We are at the halfway point in 2012 and it is not looking good for the world economy. The US jobs figures for the month of June came out on Friday and only 80,000 net new jobs were created in the whole of the US. The average increases for the last three months of 75k a month are nowhere near enough to get down a stubborn official unemployment rate of 8.2%. If you exclude the reductions in public sector employment, the private sector did little better. Indeed, goods producing industry jobs have declined in the last three months.
Readers of this blog will know that I like to look at a range of high-frequency activity indicators to judge where the world economy is going. First, I look at US index of the survey of corporate purchasing managers view of activity in their companies. I have combined the manufacturing and services ISM indexes, as they are called, into one composite index. This is what it shows for up to June 2012.
It seems that the US economy is still in the range of ‘low growth’ and not in ‘recession’ yet, but the direction is down.

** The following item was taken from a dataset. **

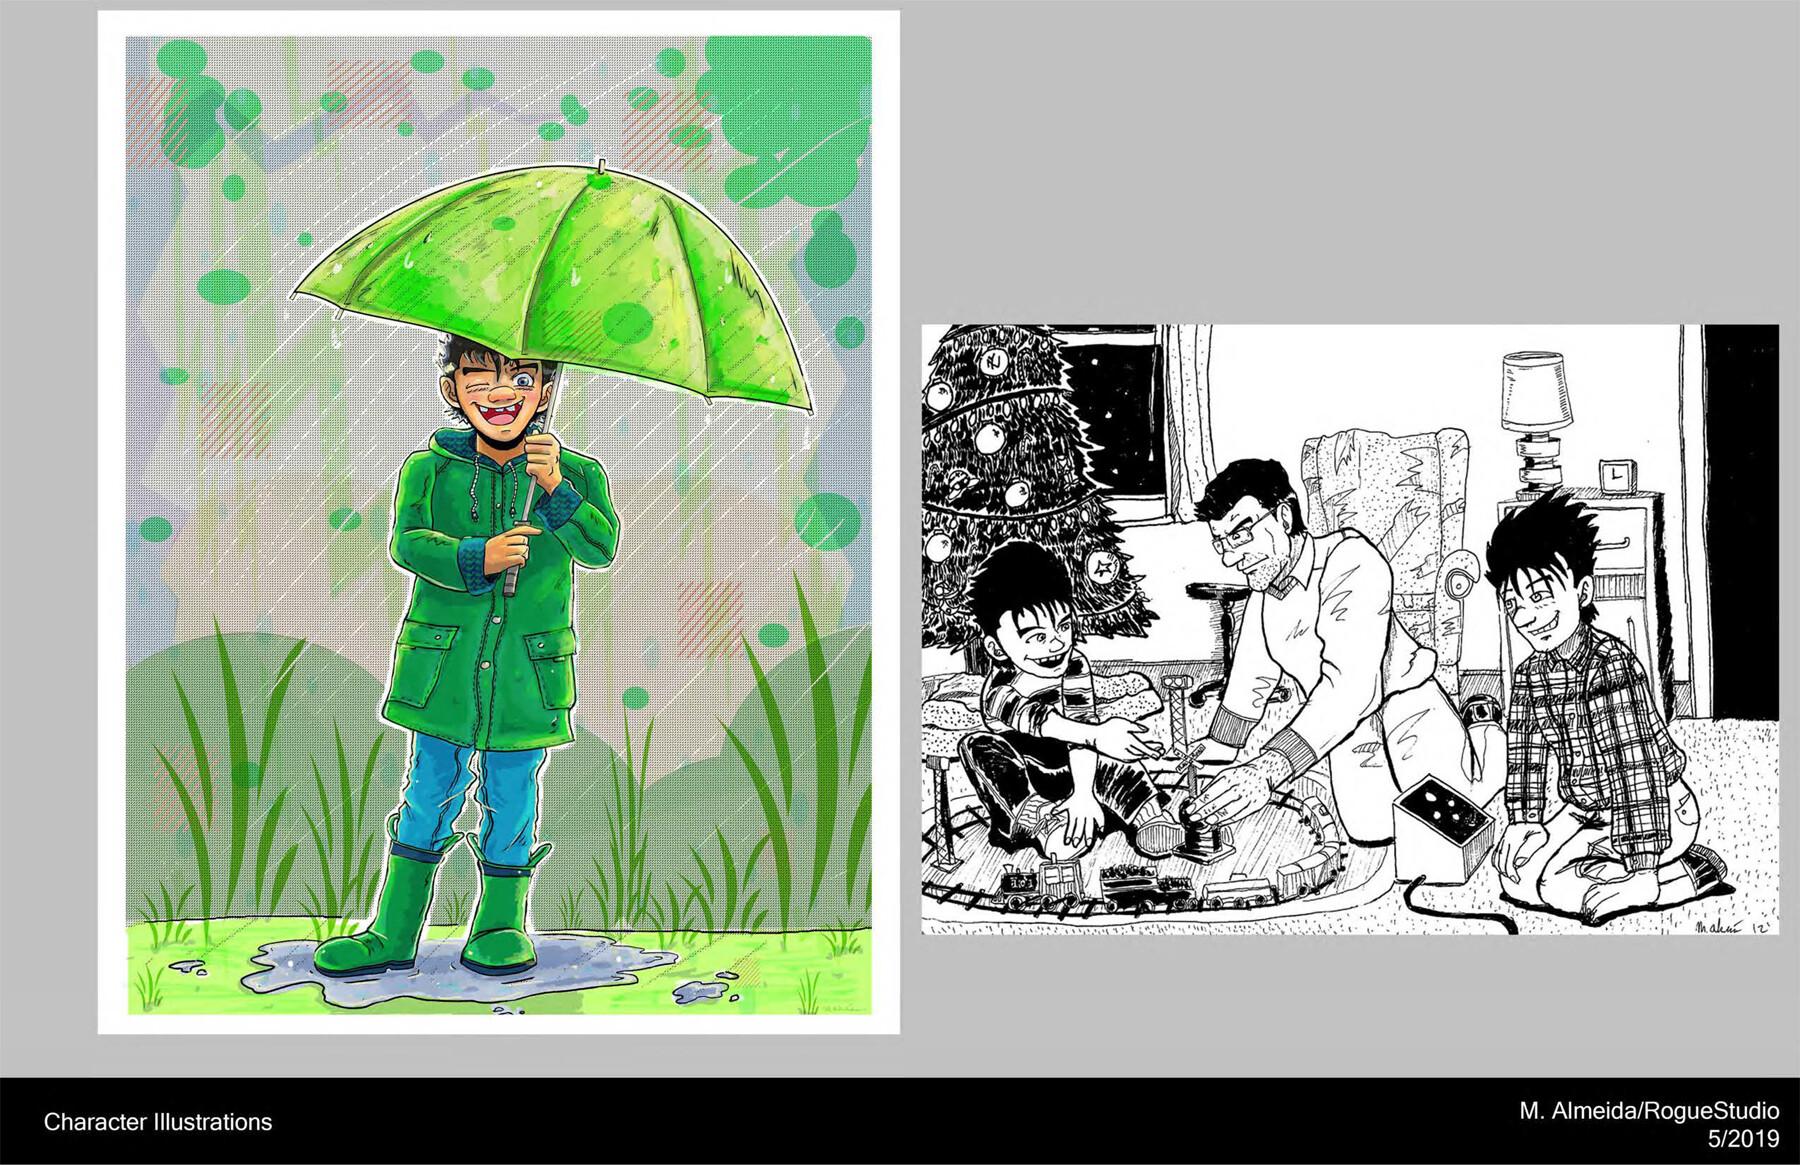 Character illustrations. Medium- Photoshop (Left), Ink (right)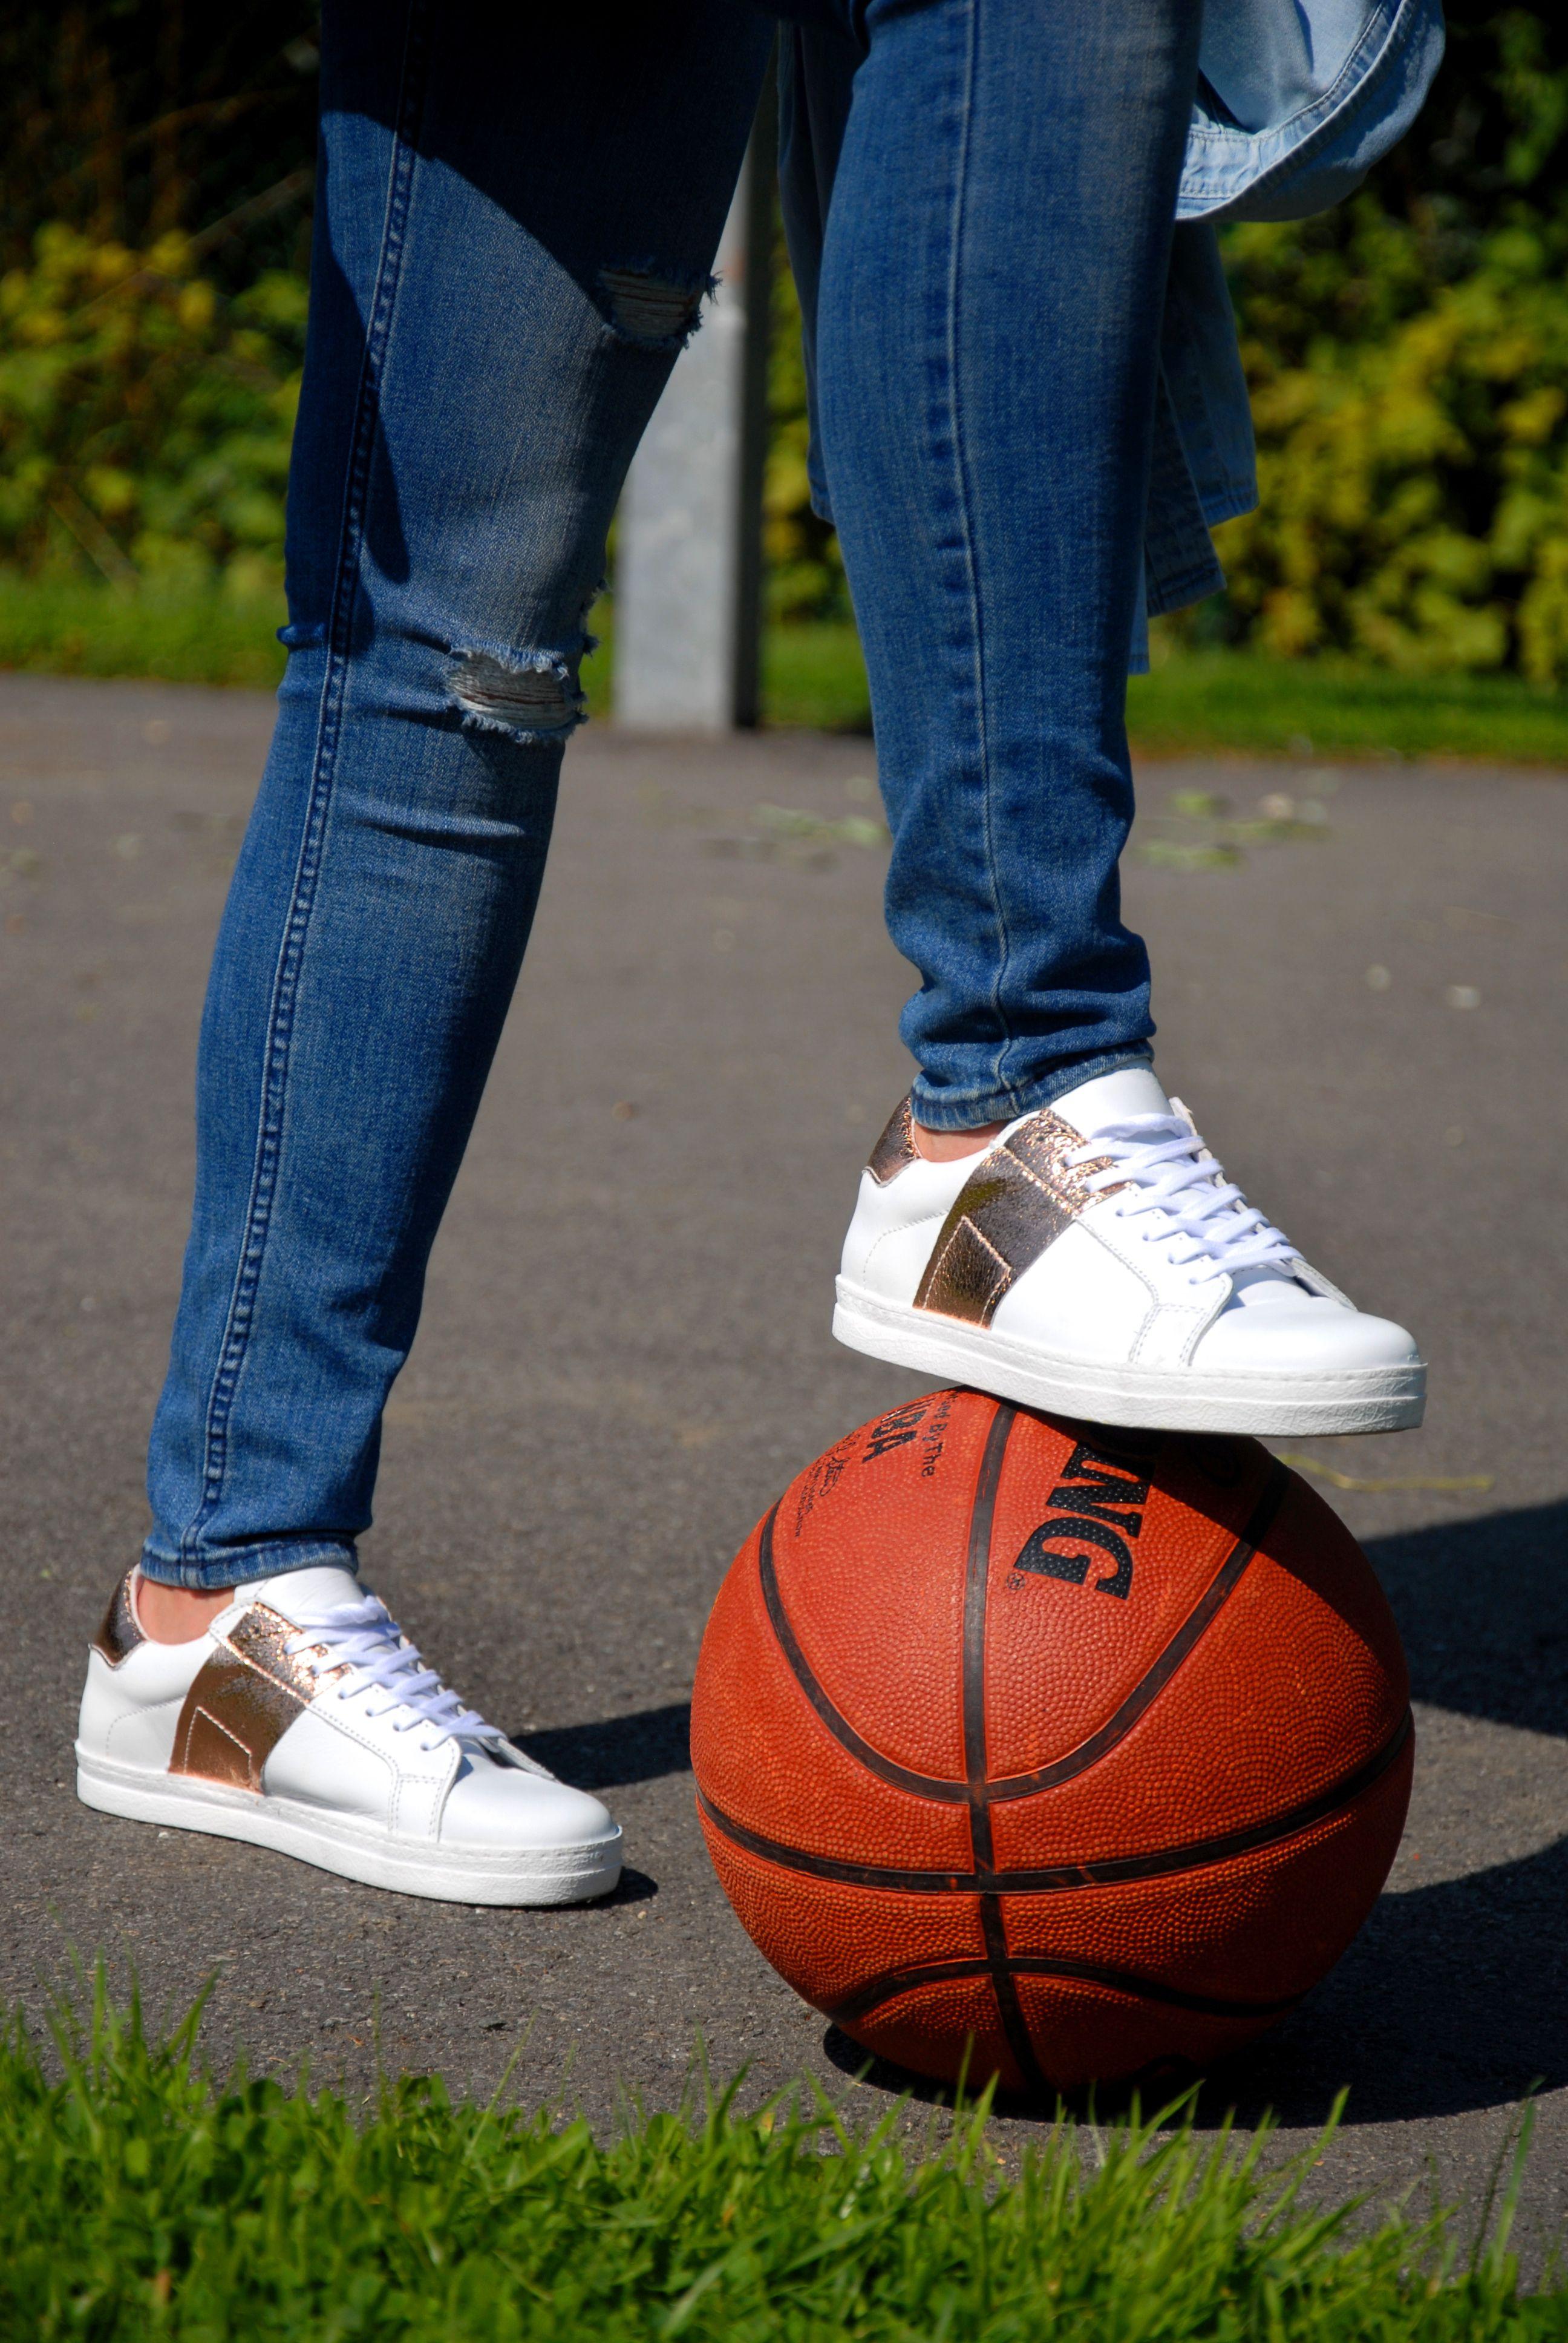 Kickers #sneakers wit | Brantano.be

There is an even more frequent (weekly) index, but less reliable, that is compiled by a research company, ECRI, which takes a number of variables to try and measure US economic activity. The outcome for up to end-June looks like this.
Still just above recession levels – but only just.
And the US is in the best shape of the major capitalist economies,
with real GDP growing at about 2% a year rate. In Europe, most
economies are either flat or contracting, the exception being northern
Europe. Japan too is crawling out of its tsunami and earthquake
crisis. If we look at purchasing managers indices for all these major
economies, this is what it looks like.
On these measures, the world economy is contracting for the first
time since 2009, along with Japan, China and, of course, the Eurozone.
The UK is basically flat.
There has been much talk that China is heading for a hard landing. I have not thought so up to now (see my post, Which way for China?,
19 March 2012). But China’s goods producers reported an eighth
successive month-on-month deterioration in operating conditions during
June, as output, incoming new orders and employment continued to
decrease. China’s composite PMI inched lower from 48.4 to 48.2 in June, a
level indicative of a modest pace of deterioration in business
conditions.
So contraction is under way but China is not yet in a slump. Contraction means a slowing of economic growth from double-digits to an 8% rate or lower. A slump means economic growth of less than 5-6% as it reached back in 2008. The Chinese government has now reacted to this by cutting interest rates but has not opted yet for a big fiscal spending package as it did in 2009 to revive growth. So the issue of China’s landing remains open, in my view.
One firm conclusion is that world capitalism is still unable to restore sustained economic growth some four years after the Great Recession began. It is less clear whether it is heading back into a slump after its weak recovery from mid-2009. But the risks are rising.